🚀 GPU Performance Benchmark with CUDA-Q: Comparing 5090 / 4090 / 3090
In the world of quantum algorithm acceleration, GPU performance plays a critical role.
In this article, we benchmark three generations of GPUs—RTX 5090, 4090, and 3090—using NVIDIA’s quantum development platform, CUDA-Q, and compare execution time across different quantum bit (qubit) sizes.
⚙️ Experiment Overview
- Library: CUDA-Q (GHZ state simulation using
cudaq.sample()
) - Comparison targets:
- GPUs: RTX 5090 / 4090 / 3090
- CPUs: Corresponding CPUs for each GPU (3090: unspecified, 4090: EPYC 7B12, 5090: Ryzen 9 9900X)
- Qubit ranges:
- 5–25 qubits: CPU and GPU performance comparison
- 26–31 qubits: GPU-only evaluation (CPU execution becomes impractical)
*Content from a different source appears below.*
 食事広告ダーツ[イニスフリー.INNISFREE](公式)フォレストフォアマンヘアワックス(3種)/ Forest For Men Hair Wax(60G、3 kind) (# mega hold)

- Measurement: Execution time (in seconds) for a single call to
cudaq.sample()
📈 Execution Time Graph
The left graph shows CPU vs GPU performance for 5–25 qubits, while the right shows GPU-only execution for 26–31 qubits.
🔍 Key Observations
✅ Generational Differences in GPUs Are Clear
- RTX 5090 delivered consistently outstanding performance.
- Achieved sub-millisecond execution (0.0006s) for circuits under 10 qubits.
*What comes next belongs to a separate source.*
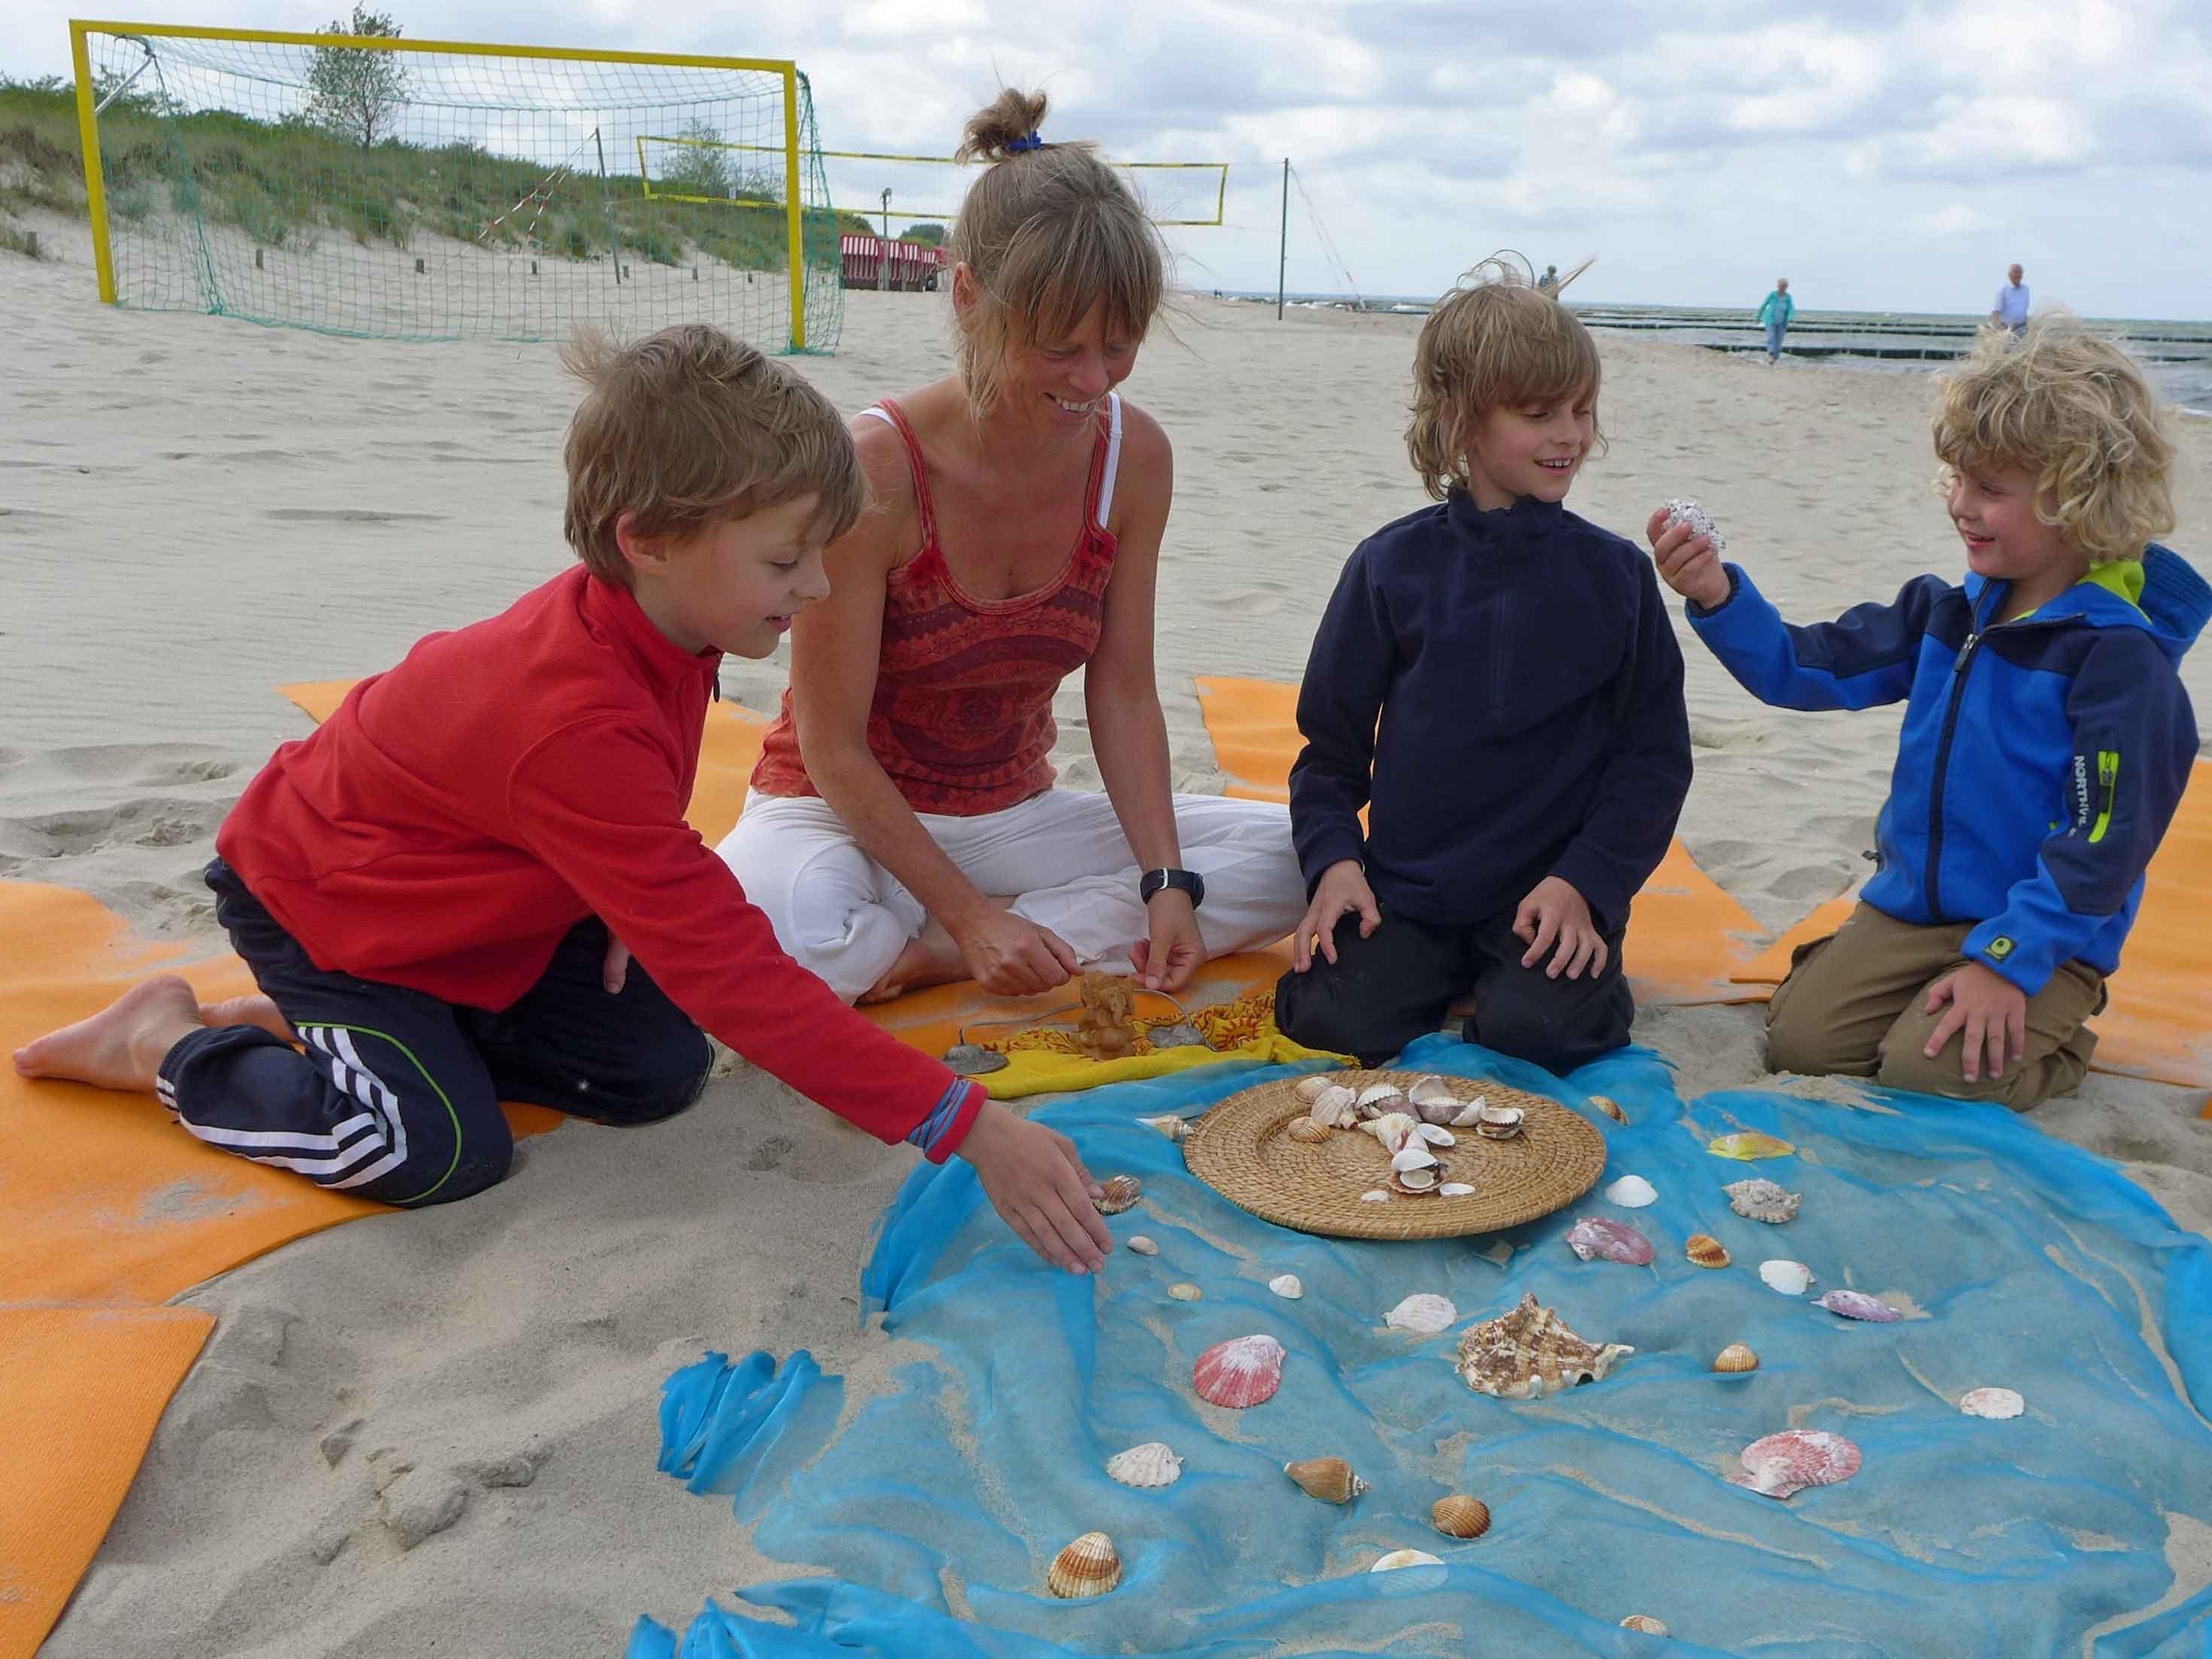 Drei kleine Kinder mit einer Yoga-Lehrerin am Strand von Koserow Familienurlaub Usedom, Tipps Familienreise, Aktivurlaub mit der Familie, Usedom-Urlaub, Reiseblog. Reisefeder

- Even at 25 qubits, execution took only about 0.004 seconds—over 10x faster than previous generations.
- RTX 3090 was stable but slower overall, with performance differences becoming significant after 20 qubits.
✅ GPUs Remain Effective Beyond 25 Qubits
- CPU execution times increase dramatically (up to 77 seconds),
- While GPUs completed even 30-qubit circuits in under a second.
- CUDA-Q’s backend efficiently maps quantum circuits to GPU architectures for fast simulation.
📊 Highlighted Results
Qubits | 5090 GPU | 4090 GPU | 3090 GPU |
---|---|---|---|
10 | 0.0006s | 0.0911s | 0.0030s |
20 | 0.0014s | 0.0043s | 0.0032s |
25 | 0.0042s | 0.0243s | 0.0347s |
31 | 0.2328s | 0.6469s | 0.8427s |
Note: All units are in seconds. Lower is faster.
🧠 Summary
Category | Conclusion |
---|---|
Fastest GPU | RTX 5090 (dominates across all bit ranges) |
Previous Gen | 3090 is still usable, but approaches its limits beyond 25 qubits |
CUDA-Q Strength | Easy to benchmark across GPUs with simple backend switching |
Practicality | Even circuits beyond 25 qubits can be executed in under a second, making it viable for research and industrial use |
Although the 5090 has 32GB of VRAM, the maximum size for state vector simulations remained 31 qubits, same as the 4090 and 3090.
🧪 Future Directions
- Evaluating performance on even larger quantum circuits (35+ qubits)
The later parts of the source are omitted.